OS Hotkey default Install Status
Linux Space apt / snap / PPA / pipx / .deb / installer Stable
macOS Right Option .dmg (Homebrew Cask coming) Developer preview (unsigned)
Windows Right Ctrl .exe installer (winget coming) Developer preview (unsigned)

Why Right Ctrl on Windows, not Right Alt? On many international layouts Right Alt acts as AltGr — used to type @, , {}, [], \, ~, etc. Hijacking it would break normal typing. Right Ctrl is rarely used for typing, so it's the safer default. Every platform's hotkey is configurable in config.toml.


Quick install

One-line install on every major OS:

# macOS  — via Homebrew tap
brew tap novafabric/yazses && brew install --cask yazses

# Windows  — via winget (pending PR review at microsoft/winget-pkgs#371427)
winget install NovaFabric.YazSes

# Linux  — via the apt repo
bash <(curl -fsSL https://raw.githubusercontent.com/novafabric/yazses/main/install.sh)
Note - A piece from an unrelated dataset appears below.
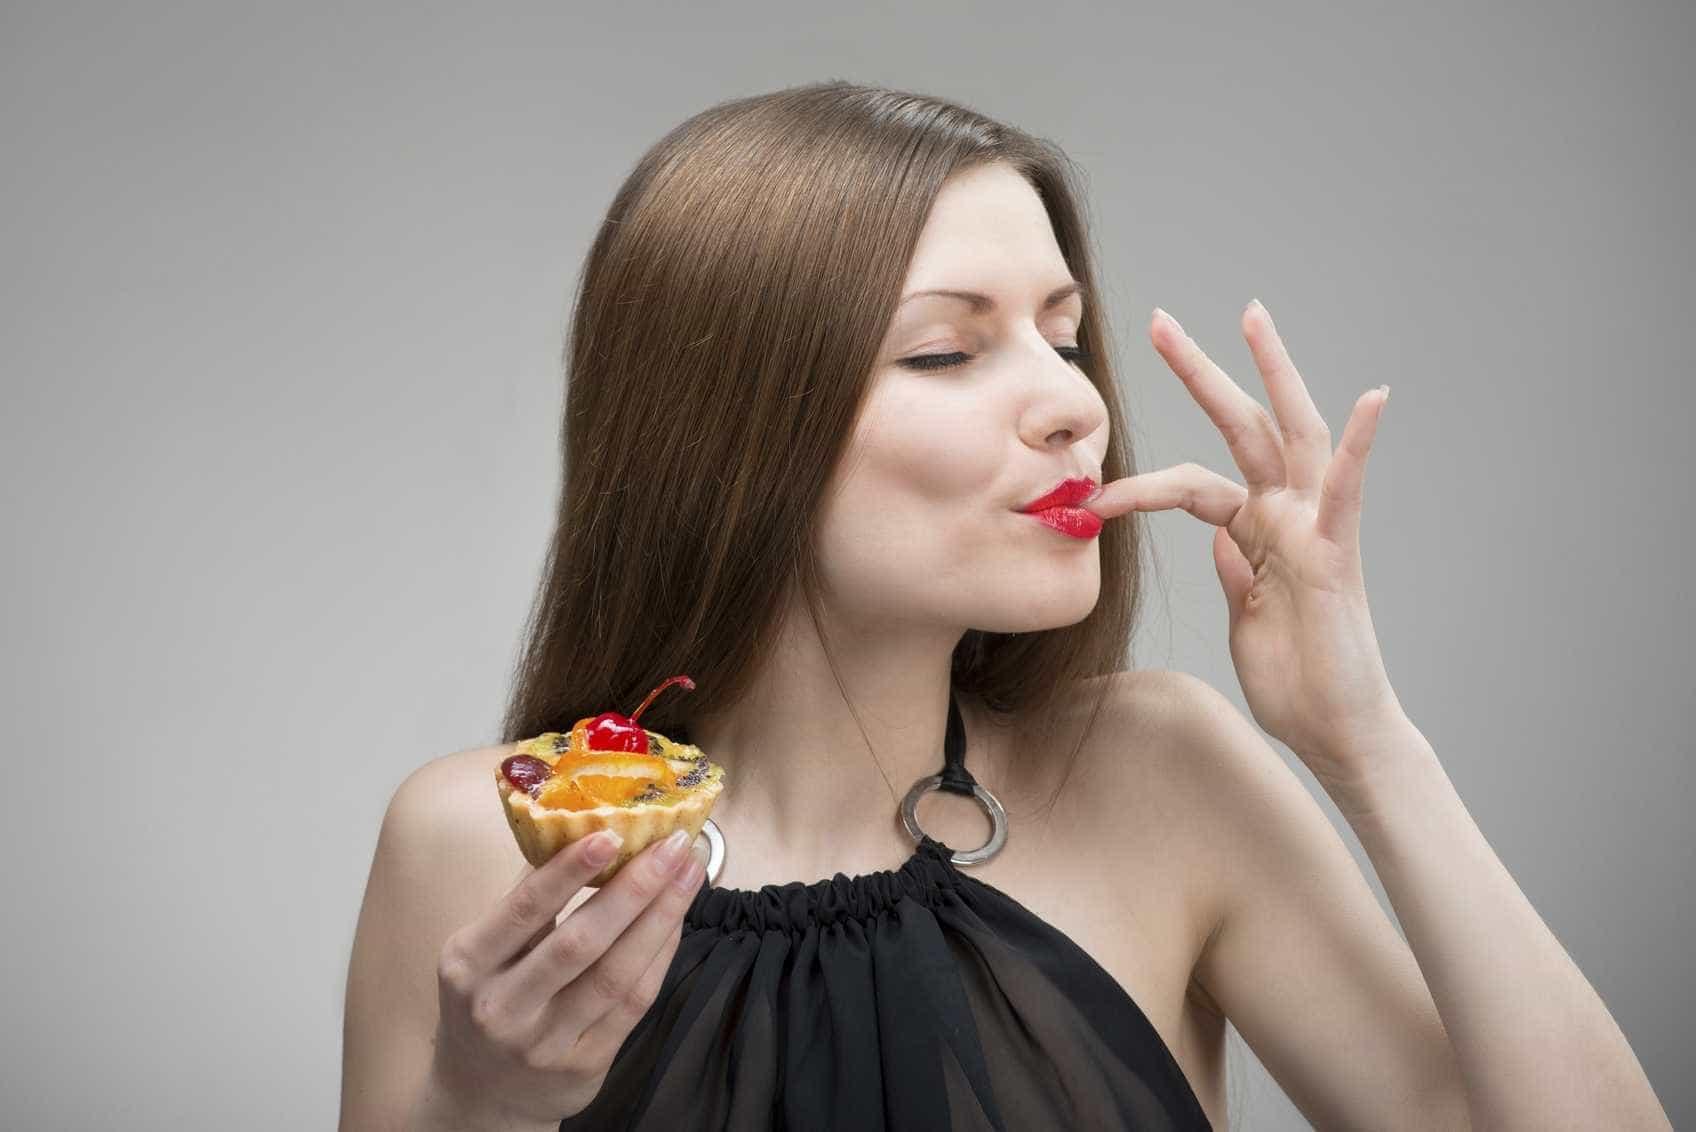 dieta del limon para perder peso en 5 dias

# Cross-platform fallback — pip
pipx install yazses

After install:

OS What's left
macOS Right-click → Open the first time (unsigned dev preview); grant Accessibility + Microphone when prompted; hold Right Option to dictate.
Windows If SmartScreen warns, click More info → Run anyway (unsigned dev preview); hold Right Ctrl to dictate.
Linux sudo usermod -aG input "$USER" then re-login; systemctl --user enable --now yazses.service; hold Space to dictate.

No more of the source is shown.